New York City -- It was all about money
at the American Foundation for AIDS Research (amfAR) "Honoring
with Pride" event held on Ellis Island this summer. The first annual
"Awards of Courage" -- bestowed inside the very chamber where waves
of immigrants began their lives in the New World -- celebrated activist
Peter Staley; community-based researchers Donald Abrams,
MD, and Joseph Sonnabend, MD; legal dream-team Matthew Coles,
Nan Hunter and William Rubenstein; Whitman-Walker head
Cornelius Baker and journalist Anne-Christine d'Adesky.
"I keep seeing guards everywhere," said activist-awardee Larry Kramer,
training his imagination on the catwalk where guards with guns once
strolled. "They're pointing and yelling 'Faggots!'" He was, of course,
correct about one aspect of that -- more than 600 well-heeled gay men
paid top dollar for a peek at the grand dame herself, Elizabeth Taylor,
and all the wine you can drink.
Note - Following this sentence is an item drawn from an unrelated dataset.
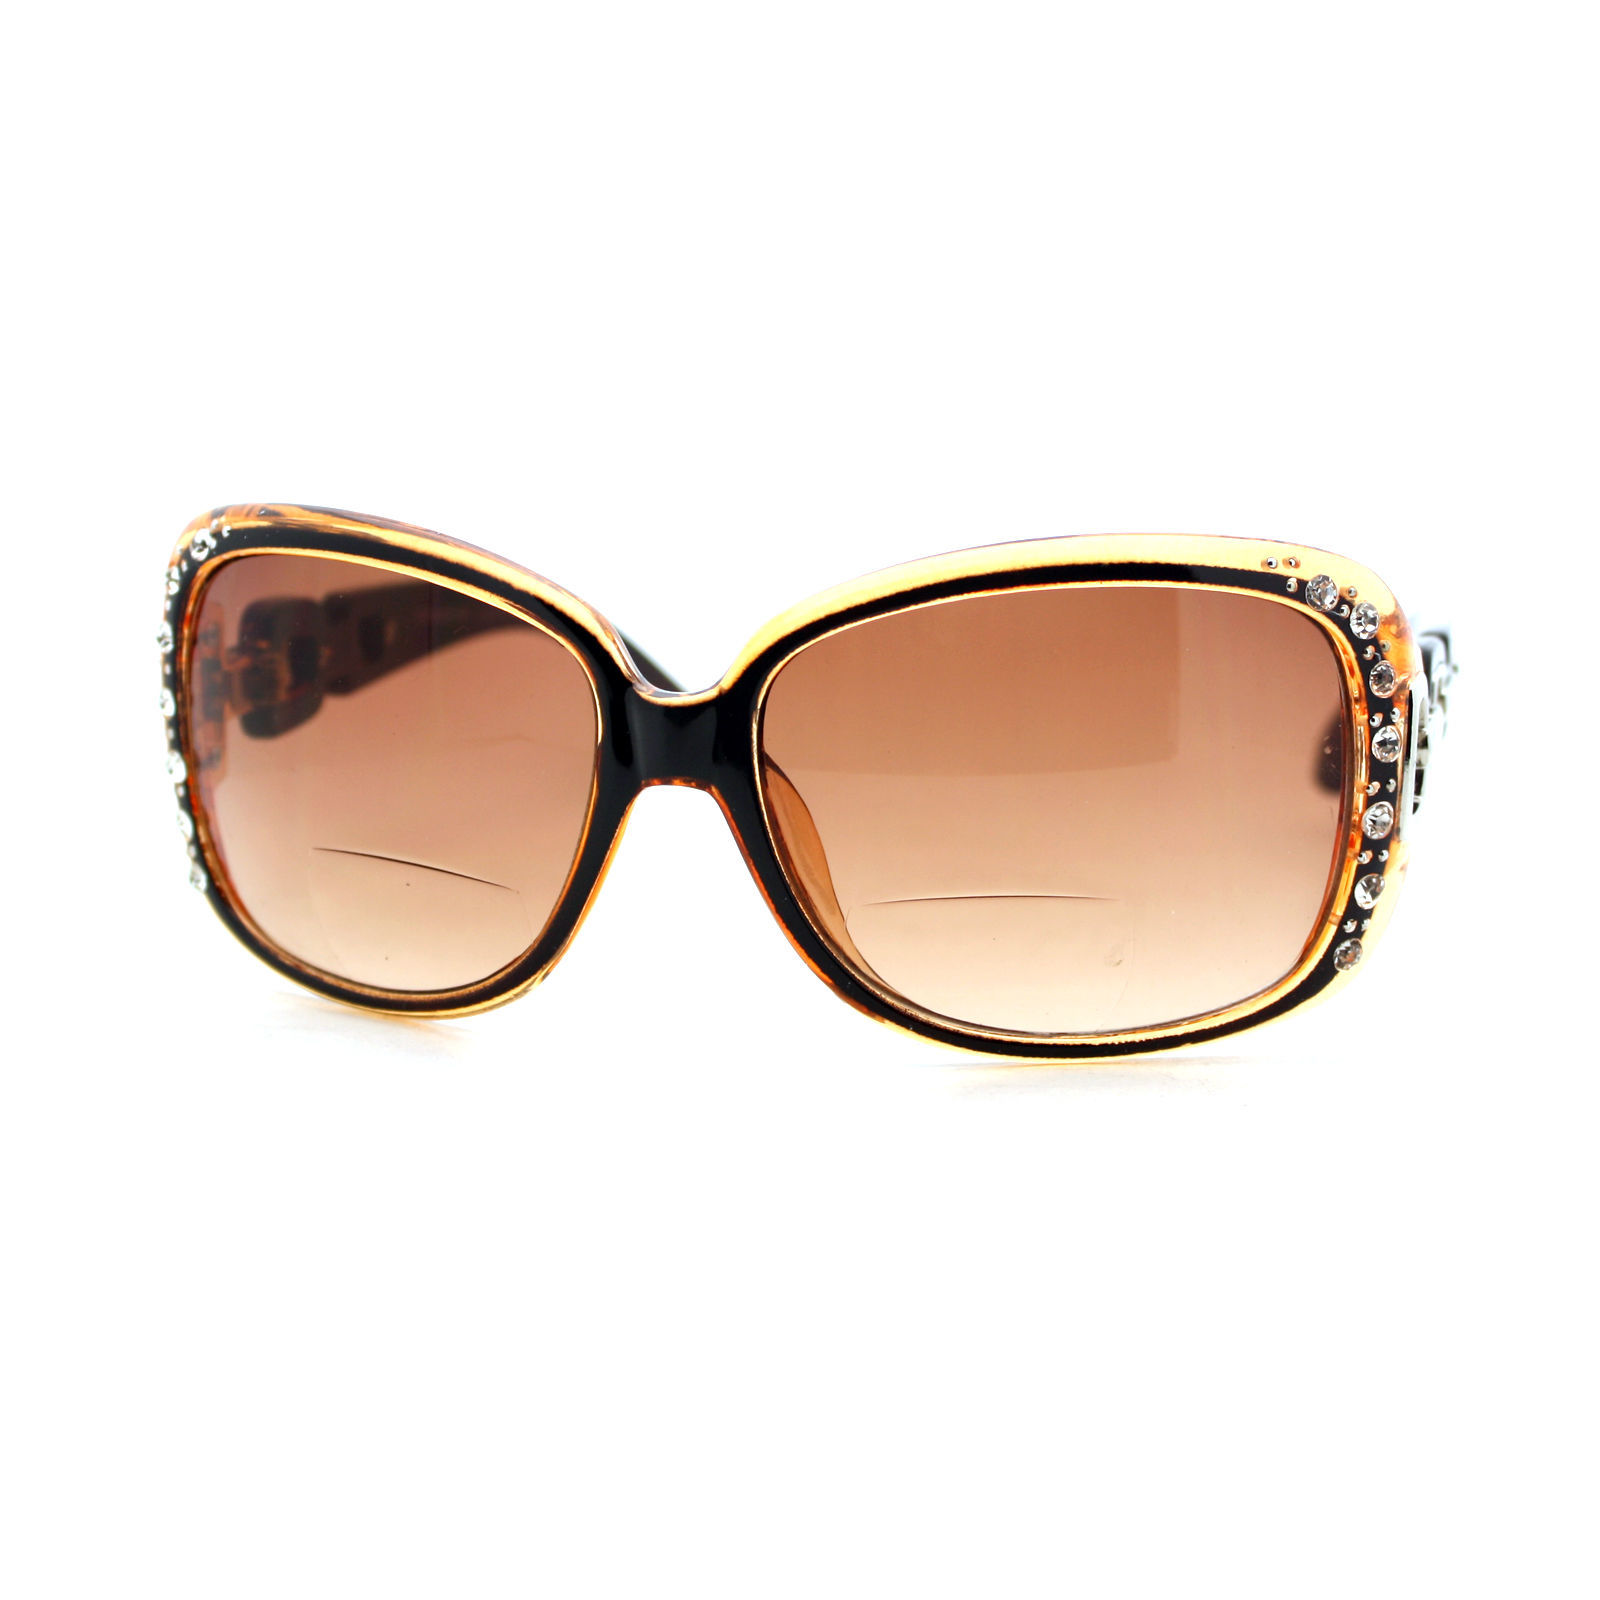 9.95$  Watch now - http://viinb.justgood.pw/vig/item.php?t=8ioqk41671 - Womens Bifocal Lens Sunglasses Oversized Square Rhinestone Frame

Kramer, who just turned 65, recently
came into his own windfall: "I just got my Social Security," he told
the crowd. "Who would have thought?" Fellow AARP member and former governor
Mario Cuomo was paid a pretty penny to give a keynote address
on AIDS activism and pharmaceutical greed. Eric McCormack, the
gay-acting straight star of NBC's Will & Grace, played host
and auctioned off two walk-on parts on the show for a combined total
of $60,000. When one of the bidders was asked for his line of work,
he replied, "I give money to amfAR." By evening's end, $500,000 had
been added to the group's cash register. Cha-ching!